O advogado Igor Sant’Anna Tamasauskas, do Bottini e Tamasauskas Advogados, alegou que o ex-prefeito não agiu com dolo ou culpa nem causou prejuízo ao erário, dados os benefícios gerados. Afirmou que a dispensa de licitação foi legal, pois as empresas beneficiárias já eram donas de imóvel vizinho à área doada, e que a lei municipal garantiu a publicidade do processo.

O juiz que analisou o caso rejeitou a tese de improbidade e entendeu que a prefeitura seguiu as regras da moralidade, da isonomia e da impessoalidade, amparando-se em lei municipal “presumivelmente debatida e regularmente aprovada pelo Poder Legislativo, propiciando a intervenção de quaisquer supostos interessados”. Segundo ele, a Lei 8.883/1994 autoriza a dispensa de licitação para doações com encargo, quando há interesse público devidamente justificado.

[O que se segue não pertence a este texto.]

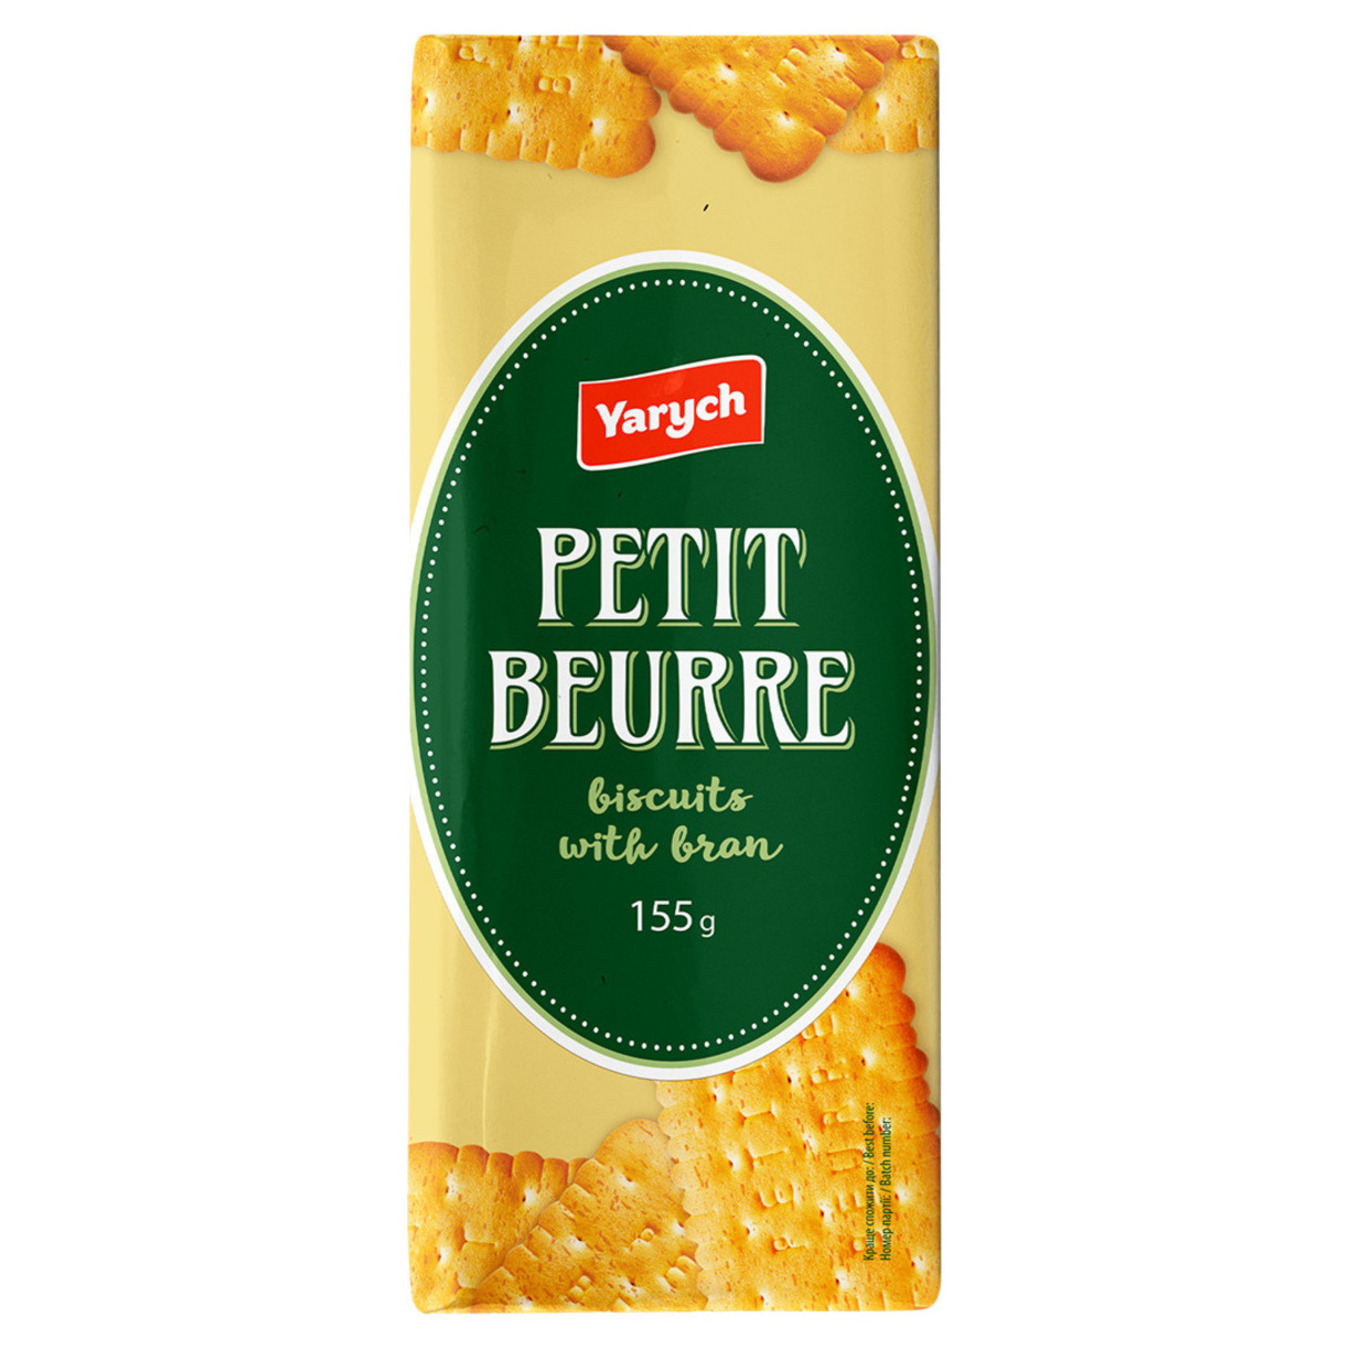 Печенье Yarych Petit Beurre с отрубями 155г 2

O juiz disse que o shopping proporcionou “vários e consideráveis benefícios” a Mauá, com a geração de empregos e obras viárias, e que as empresas rés “induvidosamente cumpriram os encargos impostos na doação, dentre eles, as reconstruções de duas creches municipais”. Como a ação foi proposta em 2007, ele criticou a tentativa de responsabilizar o ex-prefeito e as empresas somente após a inauguração.

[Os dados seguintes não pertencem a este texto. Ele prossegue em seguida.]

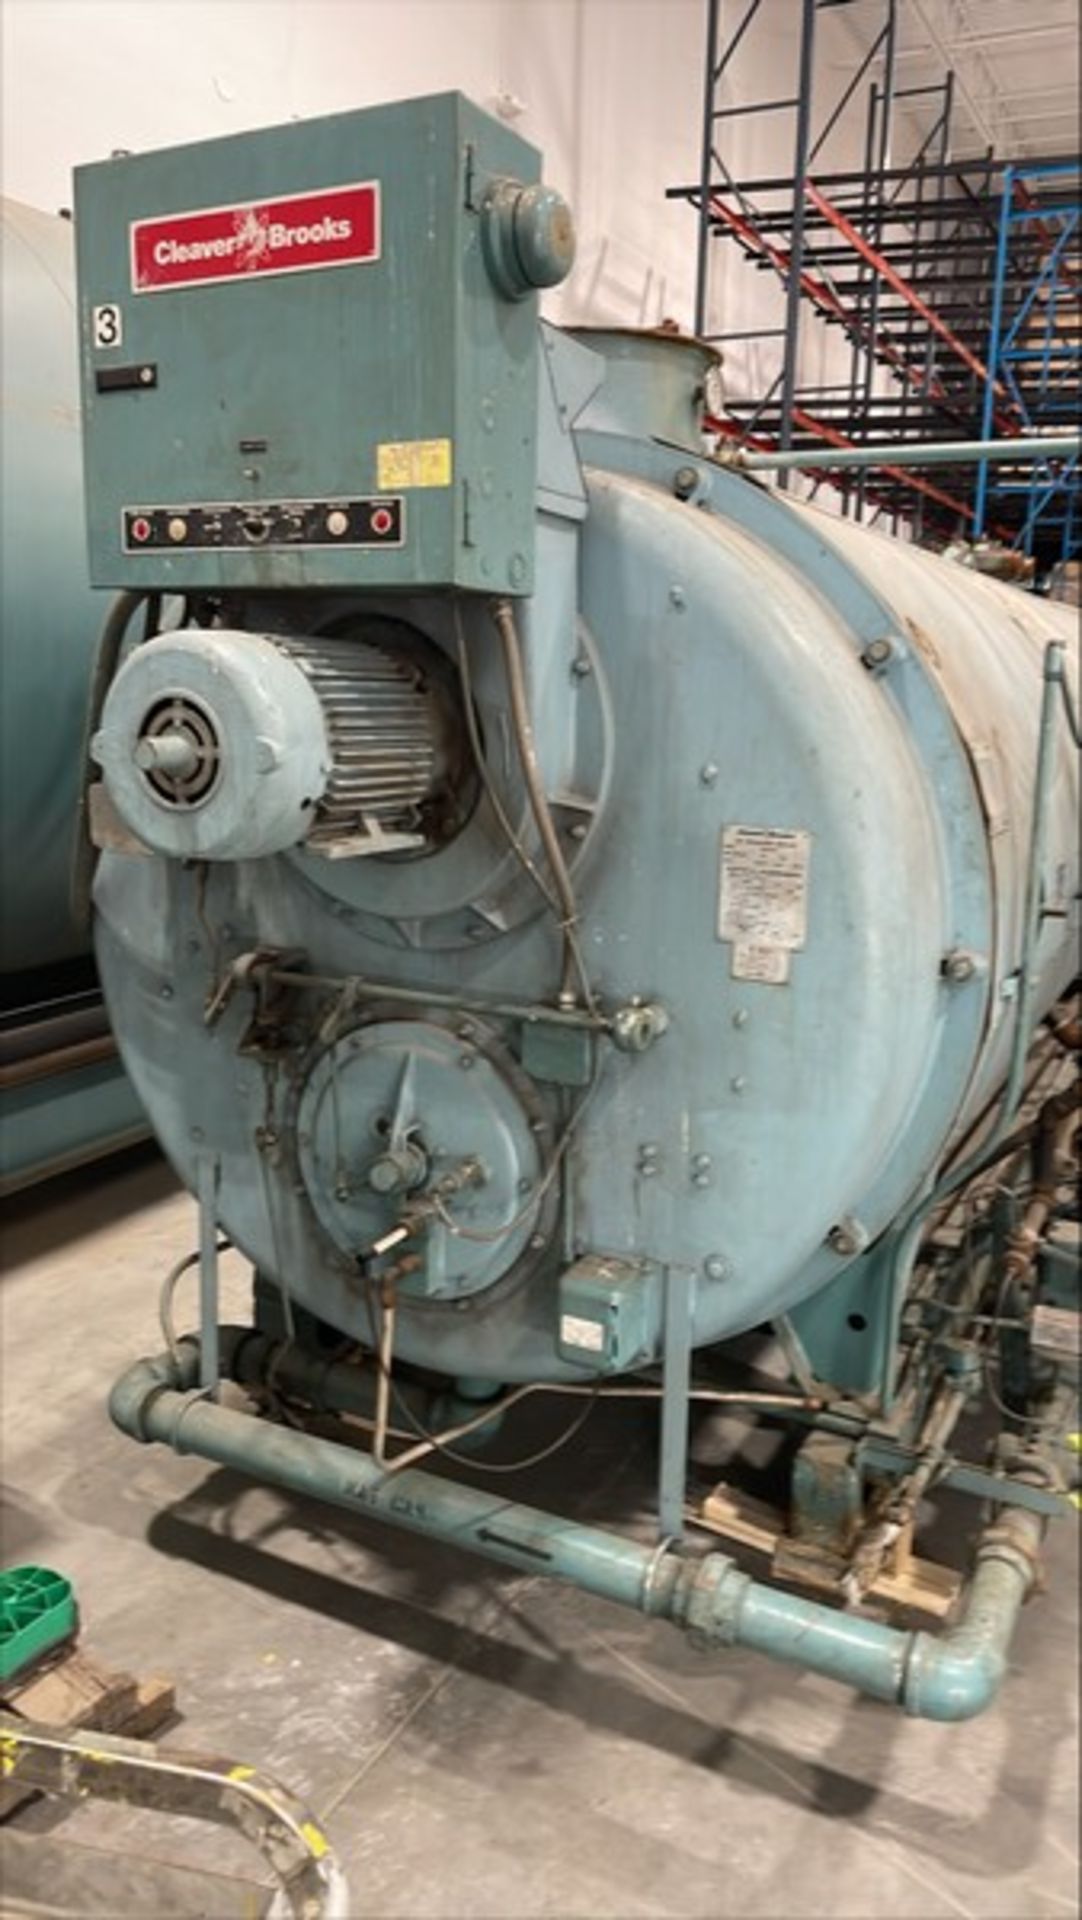 Cleaver Brooks Natural Gas Boiler, Model CB-700-200 S/N L-958854, Volt 460, Phase 3, Hz. 60, Amp 15, - Image 3 of 10

“Enquanto a (grandiosa) obra não se achava iniciada, ou mesmo em andamento, ninguém ousou pedir que o Judiciário viesse a embargar o andamento dos trabalhos, evitando, com isso, não apenas que se perpetuasse a vislumbrada ‘improbidade’, mas também se evitasse que as rés, no cumprimento dos encargos, desembolsassem milhões de reais como contrapartida à doação recebida. Agora, concluída a obra e cumpridos os encargos, percebendo-se que foram gerados benefícios à cidade, como entender que houve improbidade administrativa nessa doação?”, questionou o juiz. (Proc. 0017190-58.2007.8.26.0348).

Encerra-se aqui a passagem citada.